In questa pagina sono elencati i numerosi rioni di Scano; quelli che hanno a sé riservata una pagina propria sono i più popolati e ricchi di patrimonio. Questi ultimi godono anche di una recente "fama" dovuta alla manifestazione de su "paliu de sos bighinados" ("Palio dei vicinati"), che raduna gli scanesi in contrade secondo la divisione rionale.
Rione posto nella parte Nord-Ovest di Scano, è posto sul colle di Santa Croce, cosa che lo rende estremamente scosceso. Al suo interno troviamo un ingresso del paese, raggiungibile dalla SP78 che collega Scano a Macomer, oltre che la sede della compagnia barracellare scanese. Nel suo punto più alto è collocata una piazza incompleta, da cui comunque possiamo godere di un ottimo panorama rivolto a una porzione del paese. Di fronte alla piazza in questione è posto l'ingresso dello storico serbatoio idrico scanese, oramai sostituito con uno più moderno nei pressi della chiesa di Santa Croce. Storicamente, la zona costituiva un luogo di pertinenza dei contadini che al tempo possedevano terreni nella zona, come testimoniano le numerose case in pietra (in parte diroccate) che tuttora possiamo osservare specialmente ai limiti settentrionali del rione. L'intera zona si è evoluta principalmente in seguito al dopoguerra, periodo in cui l'intero centro abitato di Scano ha accresciuto notevolmente le proprie dimensioni, costruendo case che, data l'elevata altezza, possono godere di un panorama mozzafiato sul mare e sulla vallata circostante tutto l'anno.

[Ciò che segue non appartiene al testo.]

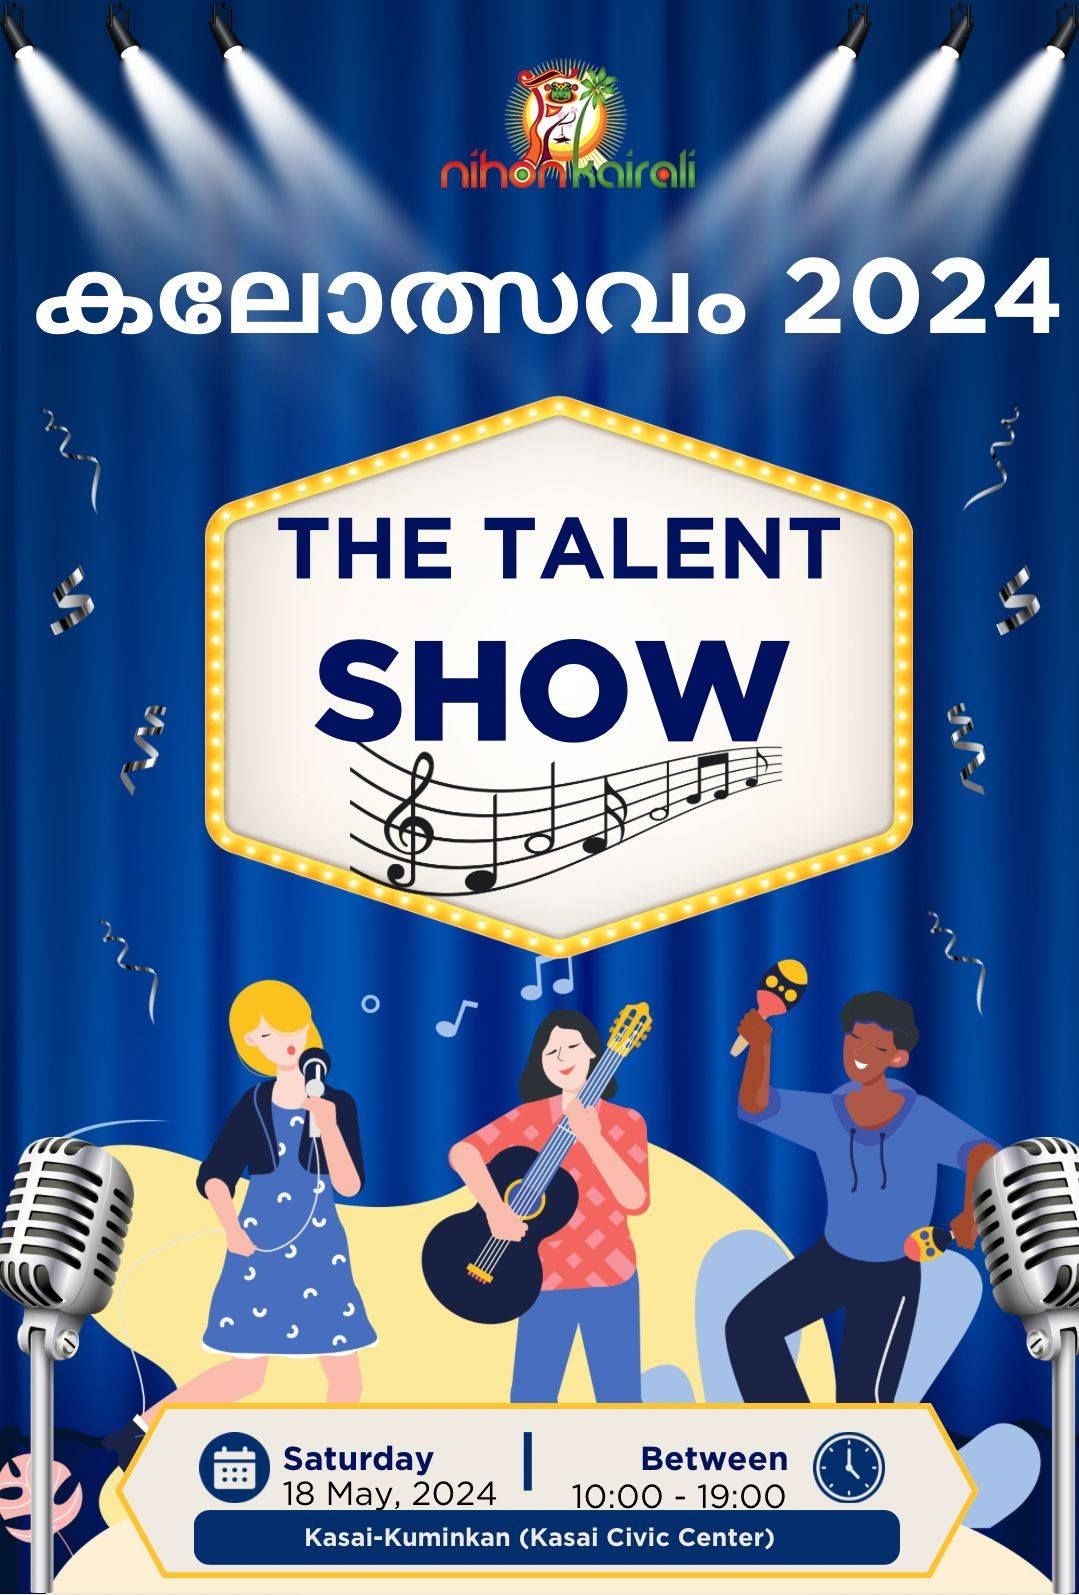 Kalotsavam 2024 - Nihon Kairali Talent show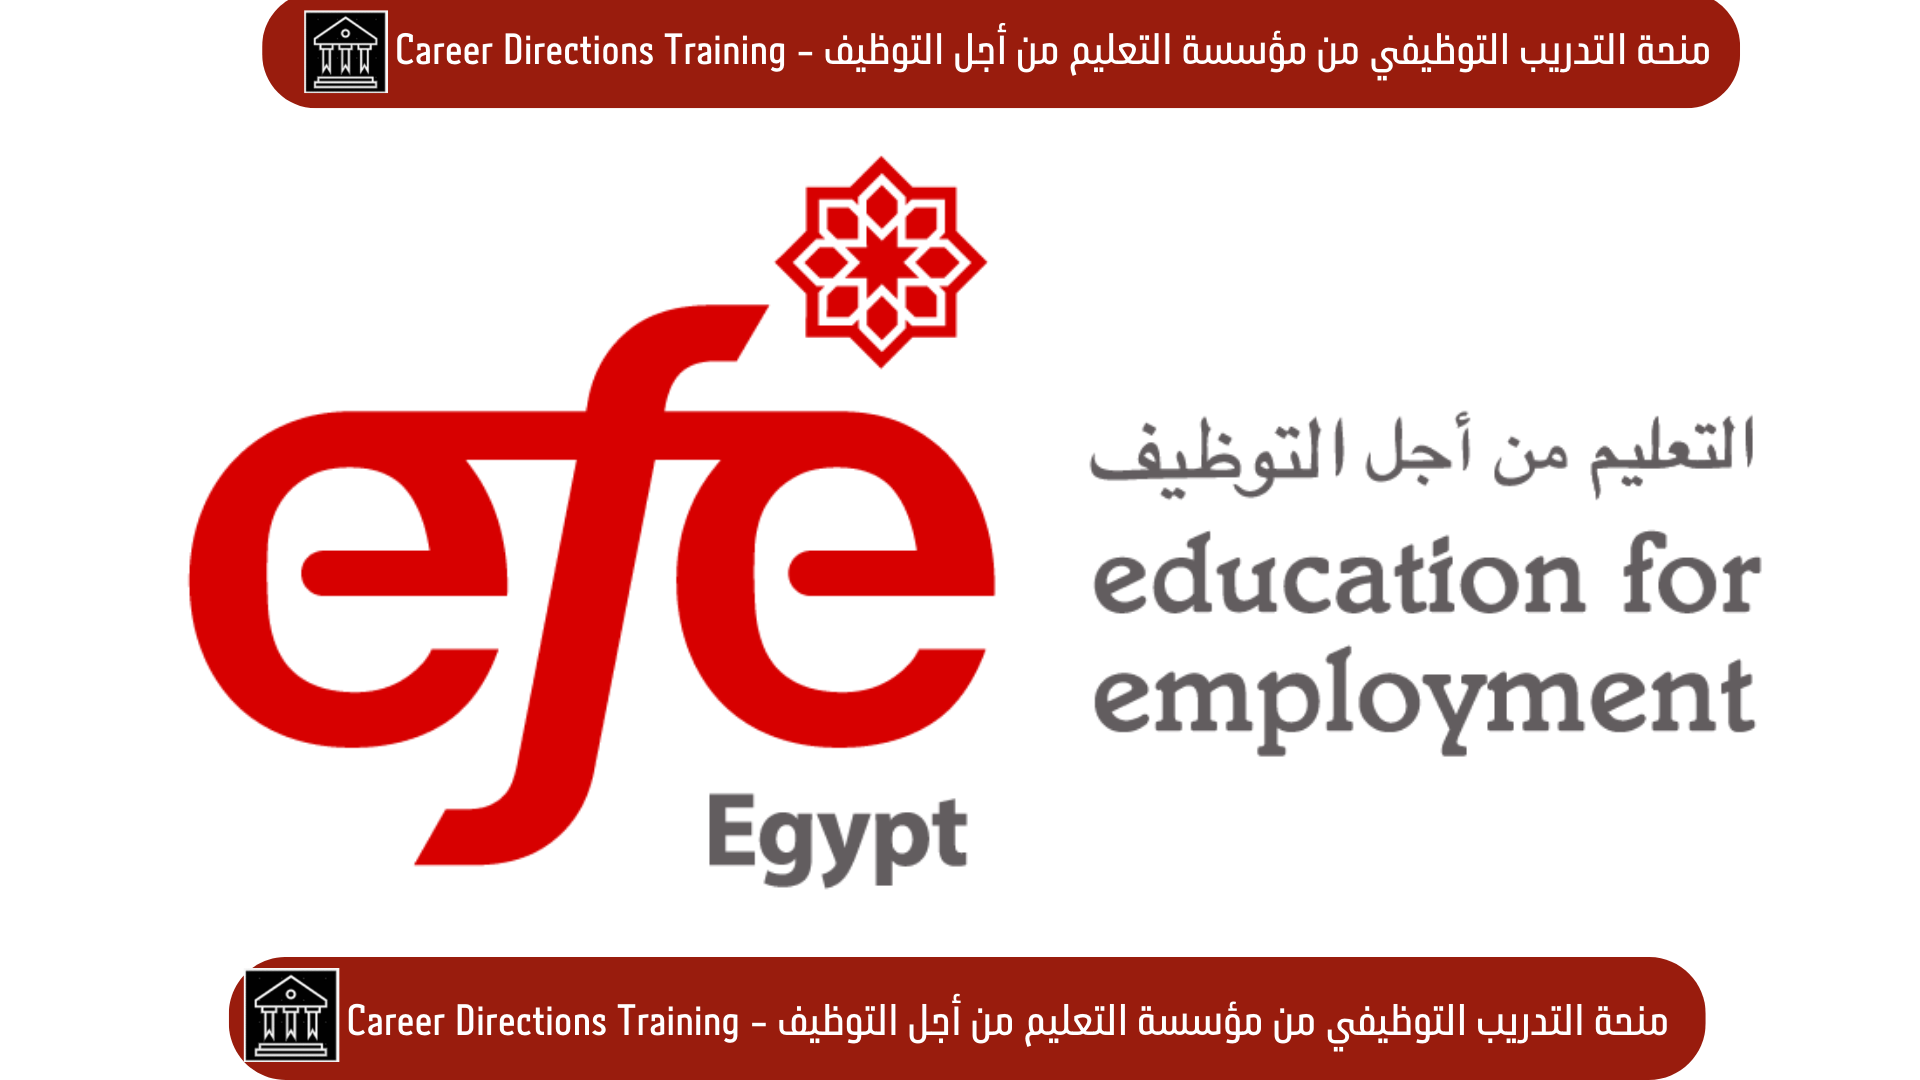 منحة التدريب الوظيفي من مؤسسة التعليم من أجل التوظيف - Career Directions Training

Il rione Turre è stato in passato uno dei rioni più popolati e importanti del centro di Scano. Infatti, il primo nucleo del paese era per l'appunto rappresentato da Turre, San Nicolò e Carrela 'e Mesu, dei quali abbiamo testimonianze risalenti sino all'età romana (vedi "La leggenda della fondazione di Scano" e "La leggenda del castello di Re Domine" in "Storie e leggende"). Dell'apparato urbanistico attuale, la maggior parte delle abitazioni visibili risalgono alla seconda metà dell'Ottocento, cosa che ci permette di immedesimarci nello stile di vita del tempo. In questo rione è collocato "Su Crastu 'e Tia Chicca 'e Monte", teatro della leggenda del geronticidio de S'Istrampu de Alere e che oggi è ancora perfettamente conservato. In particolare, a Turre è collocata una delle ultime vie in selciato originale conservate a Scano (vico I Turre), spazzolate via in seguito a una imponente campagna di bitumazione delle vie del centro di storico che ha interessato Scano a partire degli anni '80, salvo poi cambiare idea e quindi procedere a imitare l'antico selciato a partire dagli anni '10 del 2000, processo tuttora in corso nel nostro paese. Rilevante la presenza della casa di Hermano Paolo Falque, stazione della processione dell'11 settembre, data in cui il parroco compie una piccola Omelia direttamente dal balcone della suddetta casa. In questo rione ritroviamo l'oratorio delle Anime, sede dell'omonima confraternita e ulteriore tappa di numerose processioni. Di fronte all'edificio riscontriamo la presenza di un murale realizzato più di trent'anni fa, mentre a fianco dello stesso oratorio troviamo la fontana di "Tacaluboe", di recente restauro.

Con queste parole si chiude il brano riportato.